Первое впечатление от ночного, восторженно-жуткое. Перед заходом солнца, ребята собирали, отработавших день в поле и бродящих по деревне лошадей в табунок, а было их не больше десятка, садились на них верхом, кто-нибудь из ребят сажал меня на холку своей лошади и шумной ватагой отправлялись на Берёзовое болото. Вместо уздечек служили пута. Путо, это толстая, в детскую руку толщиной, верёвка с узлами на концах. Этой верёвкой-путом, спутывали лошади передние ноги, чтобы она не могла далеко уйти. Если лошадь было особо «блудлива» и склонна к дальним отлучкам, её стреноживали, т.е. спутывали передние ноги и подвязывали к ним ещё и одну заднюю. В таком положении, лошадь могла свободно перемещаться по земле, безо всякого ущерба для качественного кормления.
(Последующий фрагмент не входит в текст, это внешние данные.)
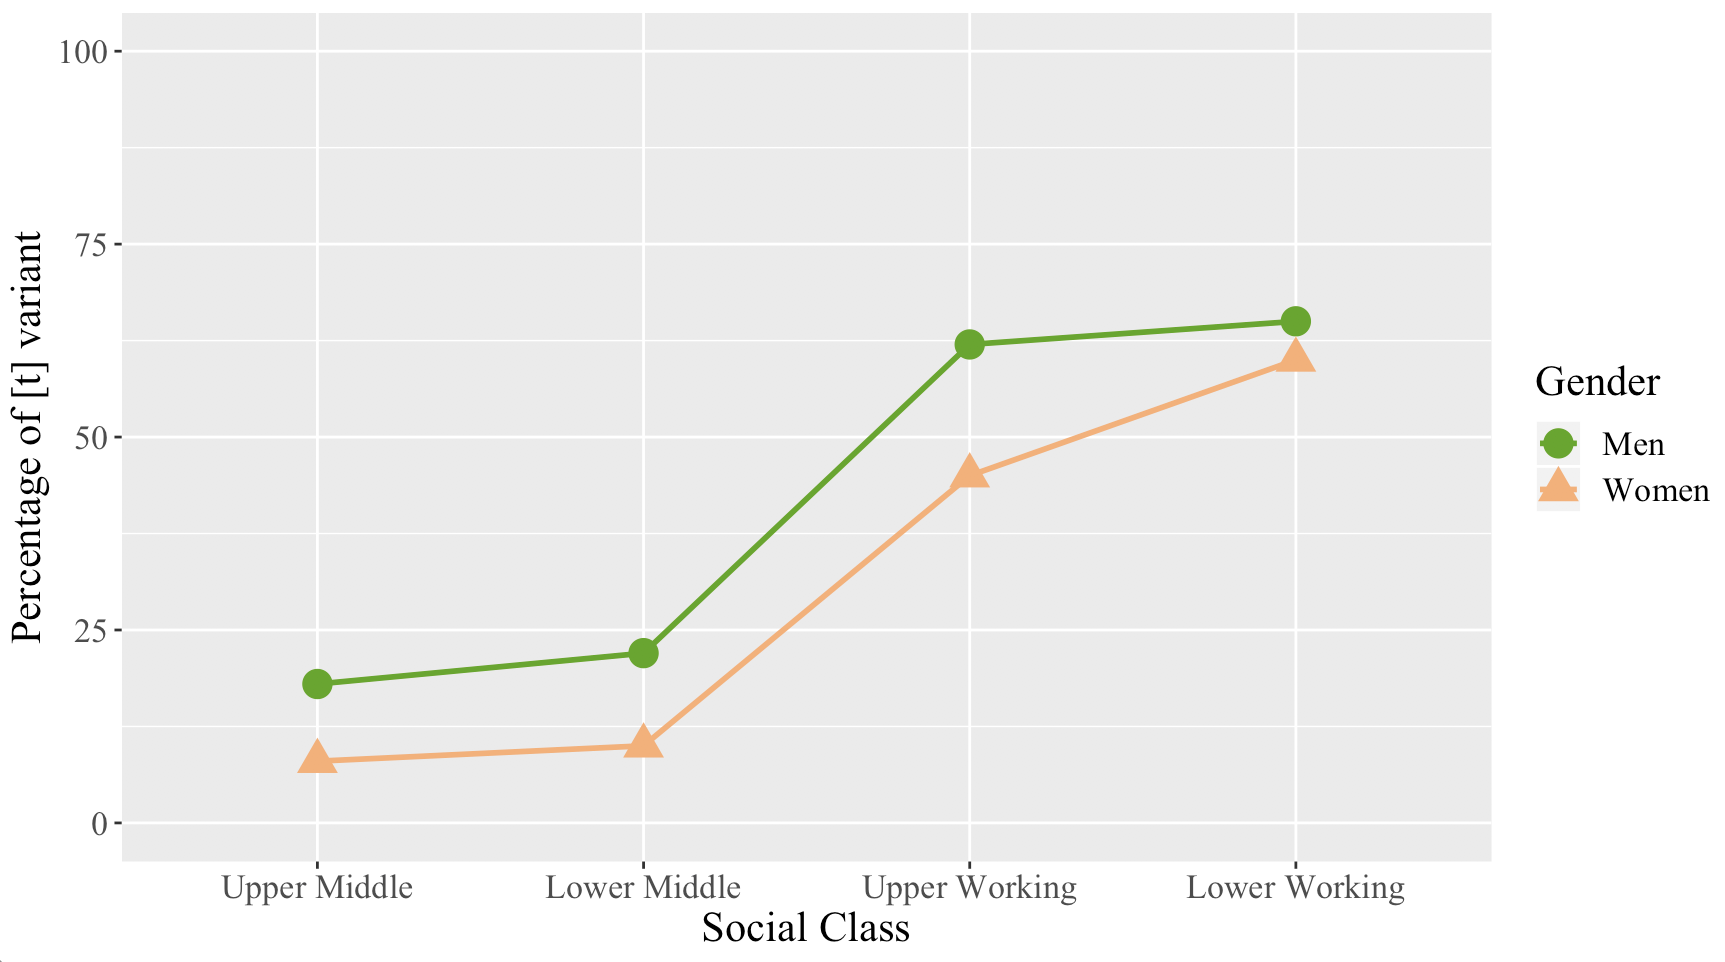 Graph showing social class on x-axis with four levels (upper middle, lower middle, upper working, and lower working). Y-axis shows percentage of [t] variant. Two different coloured lines represent an independent variable of gender with two levels: men and women. Both lines gradually increase from Upper Middle to Lower Working and the line representing men is always higher than the line representing women.
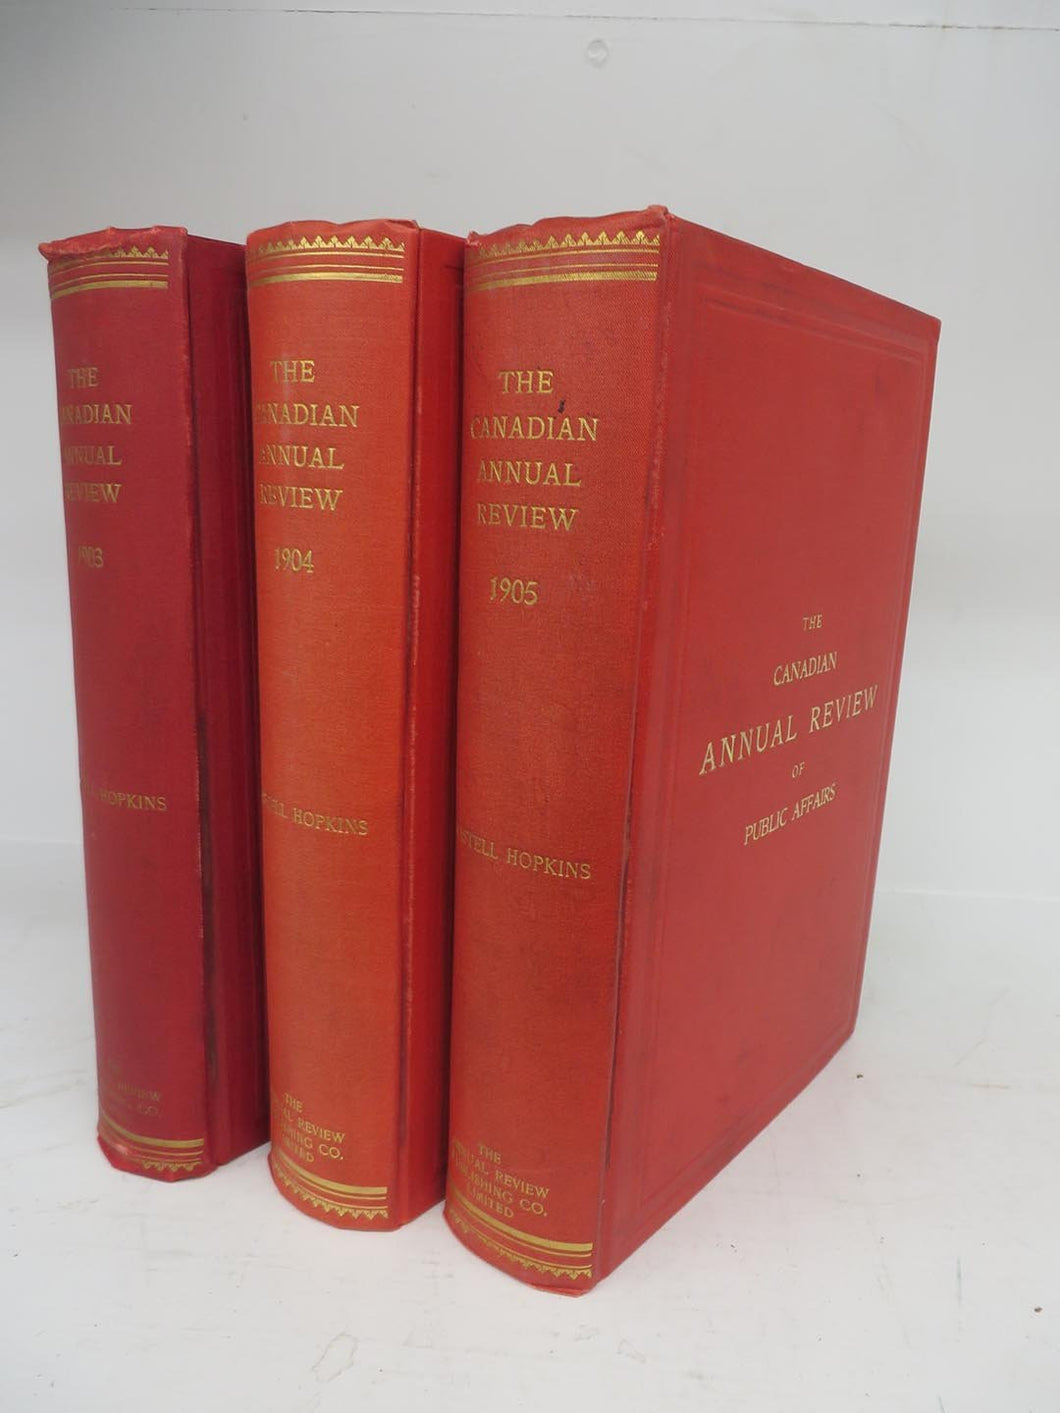 The Canadian Annual Review of Public Affairs: 1903, 1904, and 1905

Сидя у костра, на опушке, окружавшего луг леса, и заложив в костёр картошки, ребята начинали рассказывать всякие были и небылицы. В то время, главным развлечением для молодёжи в деревне были вечерние «посиделки». Почему-то постоянно сбирались в избе у тёти Нюни, видимо из-за её вселенской доброты. Набивалась полная изба, от 6 и до 18 лет, а иногда подходили ещё и ближние соседи. Рассаживались, кто, где мог, и на полу в том числе. И начиналось! Про всякую нечистую силу: чертей, ведьм, домовых, оборотней, русалок и прочую нечисть. В избе стояла мертвая тишина. Рассказчик говорил полушёпотом, даже цвирканье сверчка отдавалось в ушах слишком громким пением. От стоявшей на столе керосиновой семилинейки, свет падал только на близко сидящих, а остальное пространство находилось в полумраке. Жуть была несусветная, всё тело от страха покрывалось мурашками, казалось, что волосы шевелятся на голове. И этот «фольклор» продолжался не менее 2-3 часов, пока тётя Нюня, начинавшая клевать носом, не разгоняла всю эту, нагоняющую друг на друга страх, компанию.
Так вот, к чему всё это рассказано, да к тому, что у костра начиналось то же самое. Освещённые, колеблющимся пламенем костра, лица ребят, с расширенными глазами, приобретали какой-то таинственный и зловещий вид. А ко всему этому, прибавлялись ещё таинственные звуки ночи: то филин заухает в дремучей лесной чащобе, то выпь на реке «замычит», то какая-нибудь лесная живность почти рядом в кустах пробежит. Кто поменьше, вроде меня, весь ёжится и трясётся от страха, а взрослым ребятам, глядя на нас, один смех. Набалагурившись таким образом часа три и начав клевать носами, старший из ребят, обычно это был Женя, оставлял у костра двух самых старших, а остальную братию провожал в деревню по домам спать. Меня, полусонного он нёс на плечах и сдавал Шуре. После этого он возвращался к оставленным у костра ребятам. Пригоняли лошадей они в деревню перед рассветом, оставляли их на деревенском лугу, а сами шли по домам досыпать.